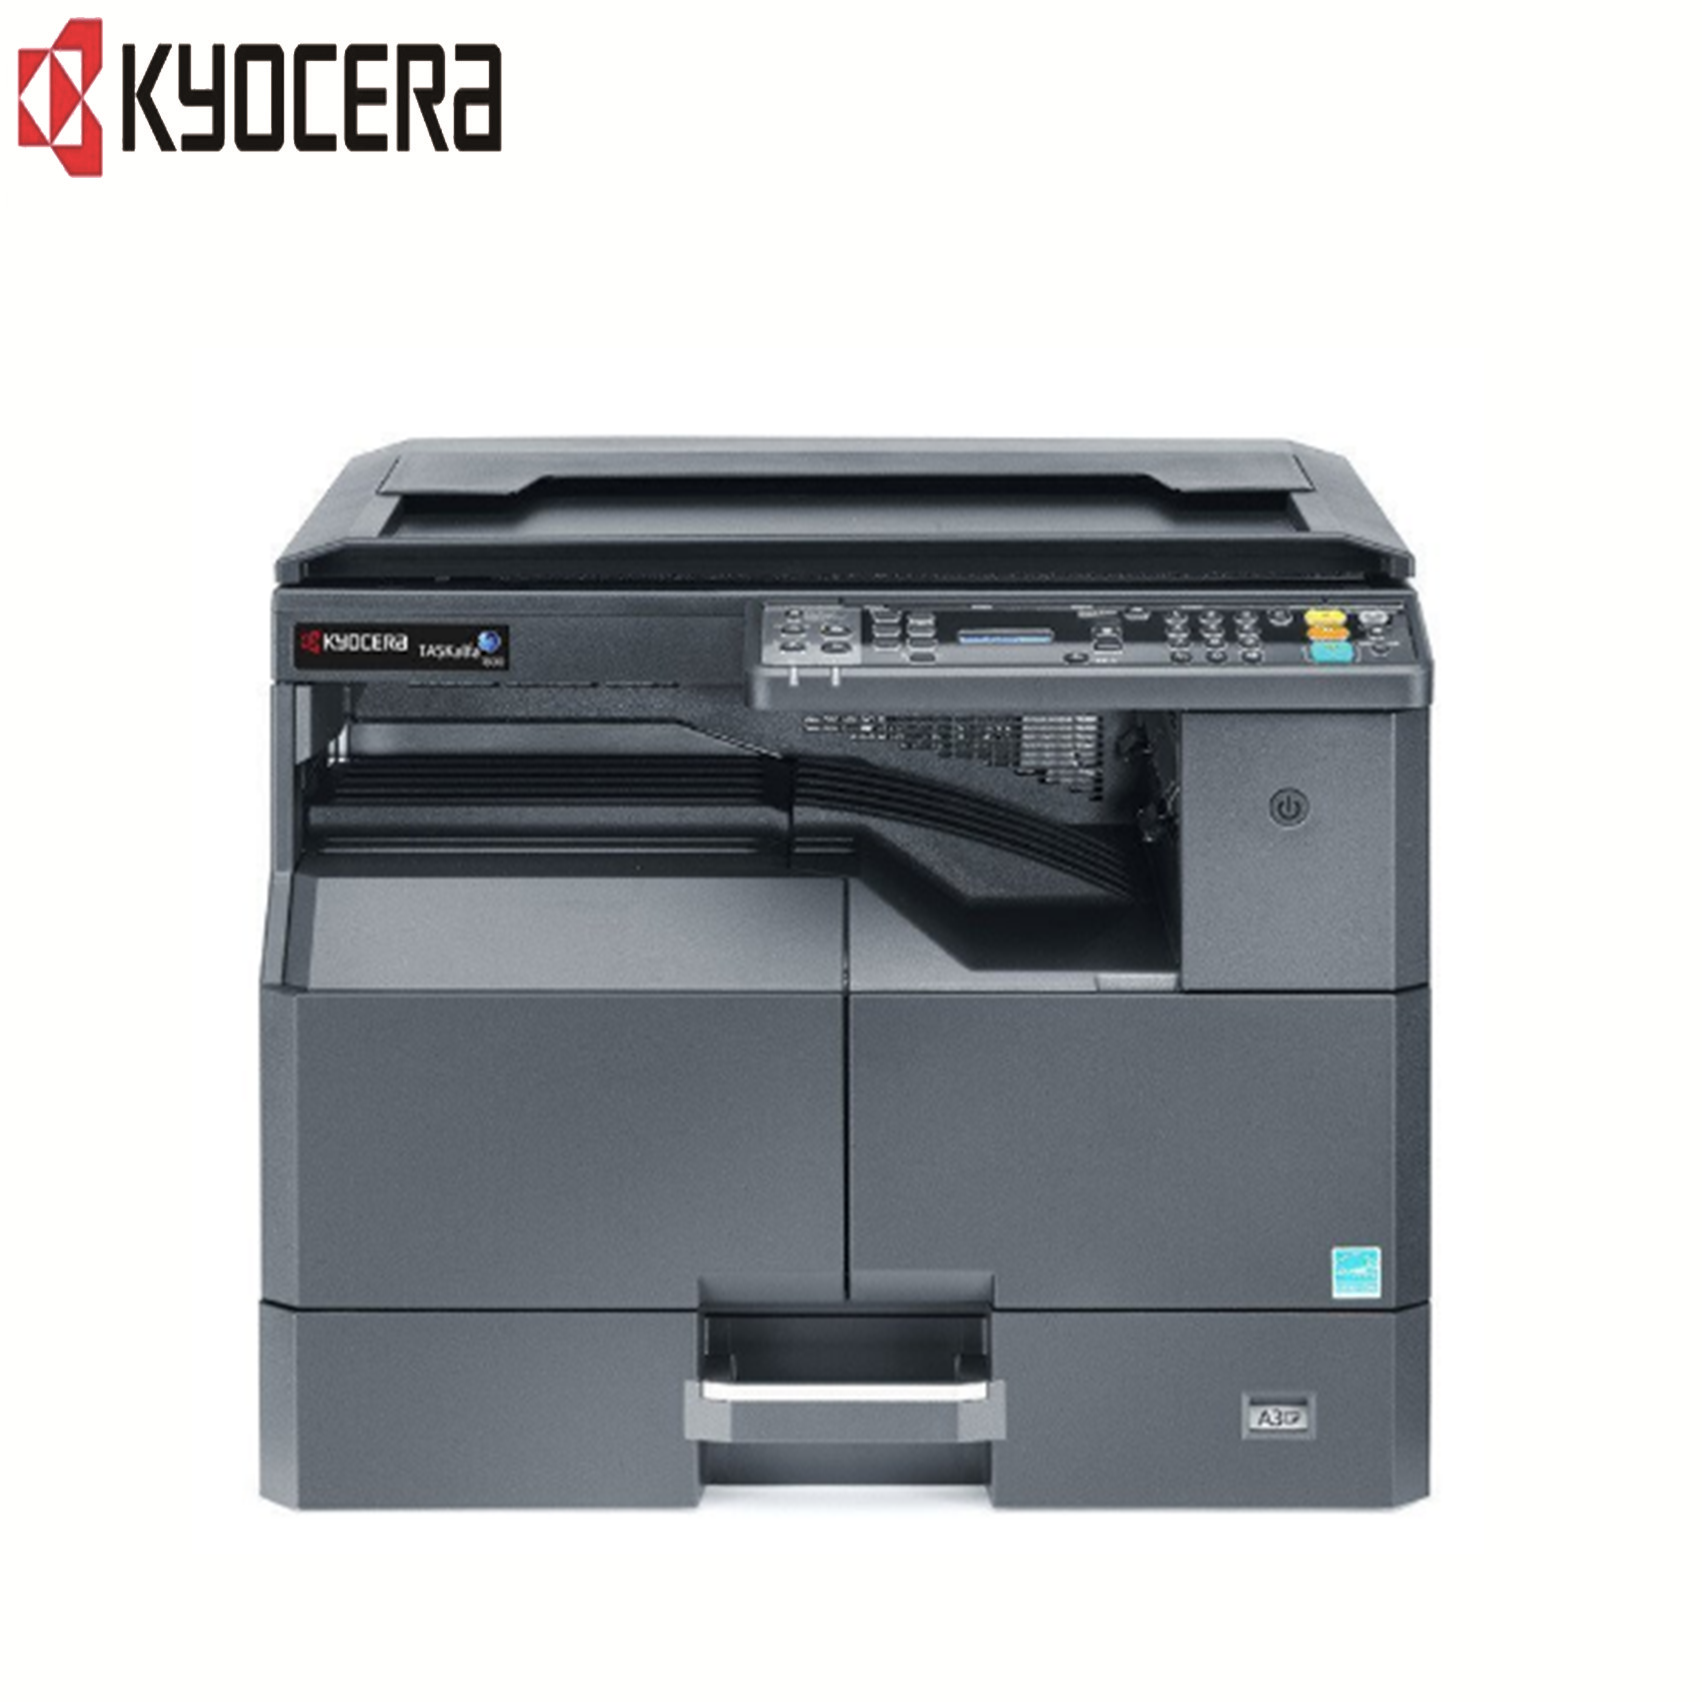 京瓷(KYOCERA)2010 黑白多功能复合机 打印/复印/扫描
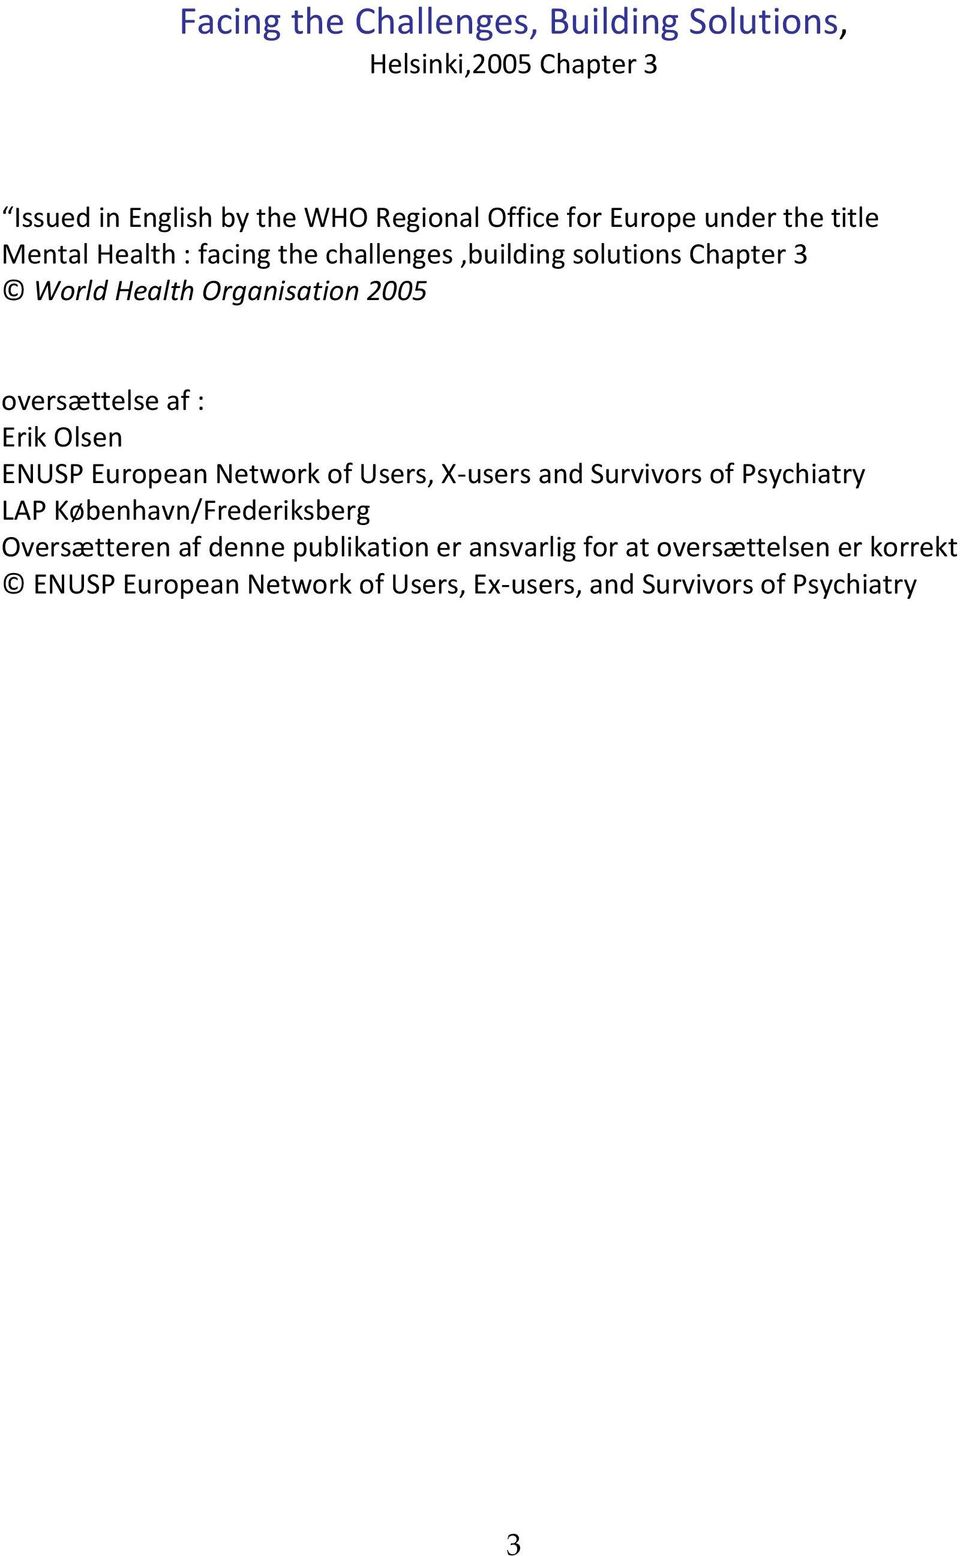 Erik Olsen ENUSP European Network of Users, X-users and Survivors of Psychiatry LAP København/Frederiksberg Oversætteren af
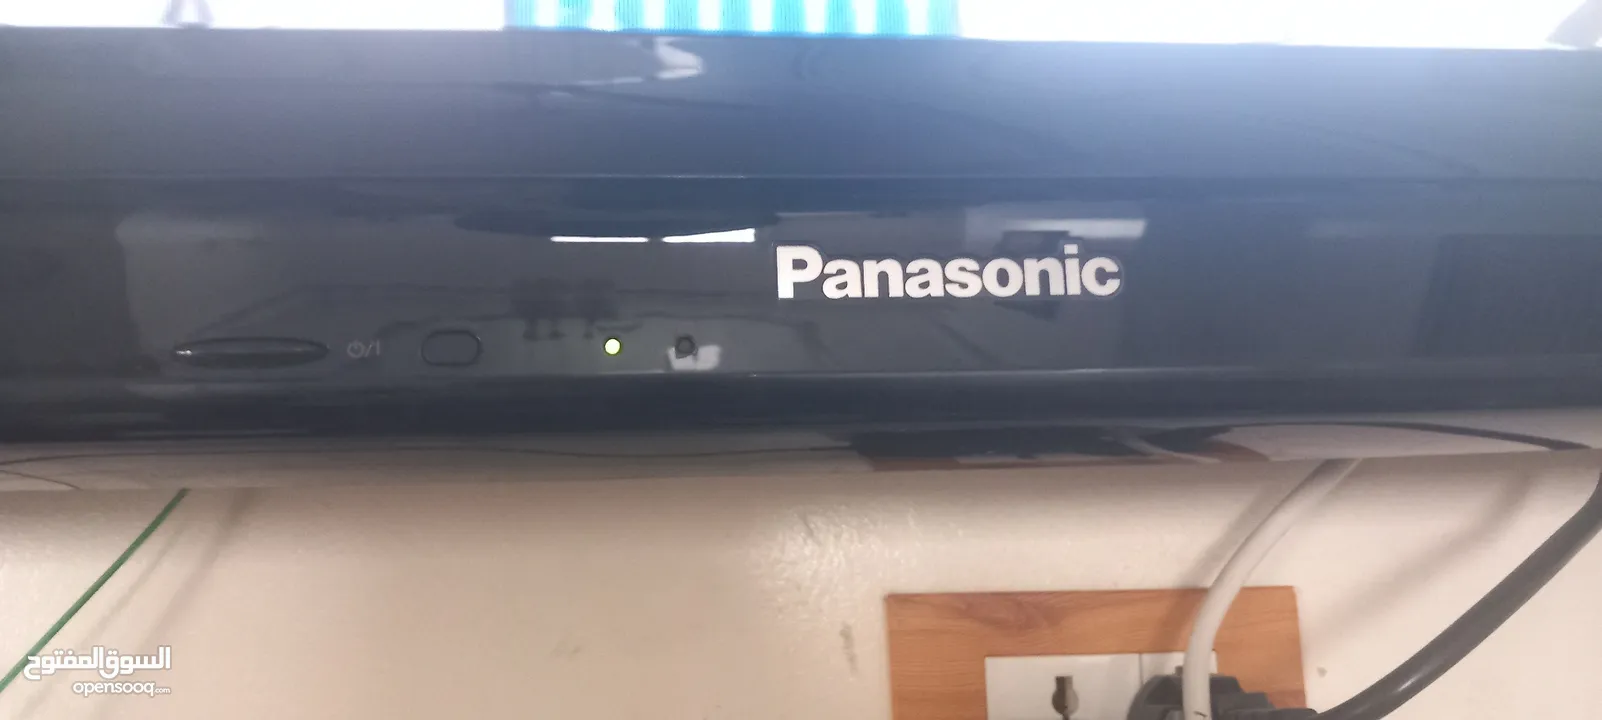 شاشة Panasonic

**Problem to work on:** Leave the pictures out and restate the listing word for word.

**Result of this task:**
 京瓷(KYOCERA)2010 黑白多功能复合机 打印/复印/扫描
 Erik Olsen ENUSP European Network of Users, X-users and Survivors of Psychiatry LAP København/Frederiksberg Oversætteren af
 شاشة Panasonic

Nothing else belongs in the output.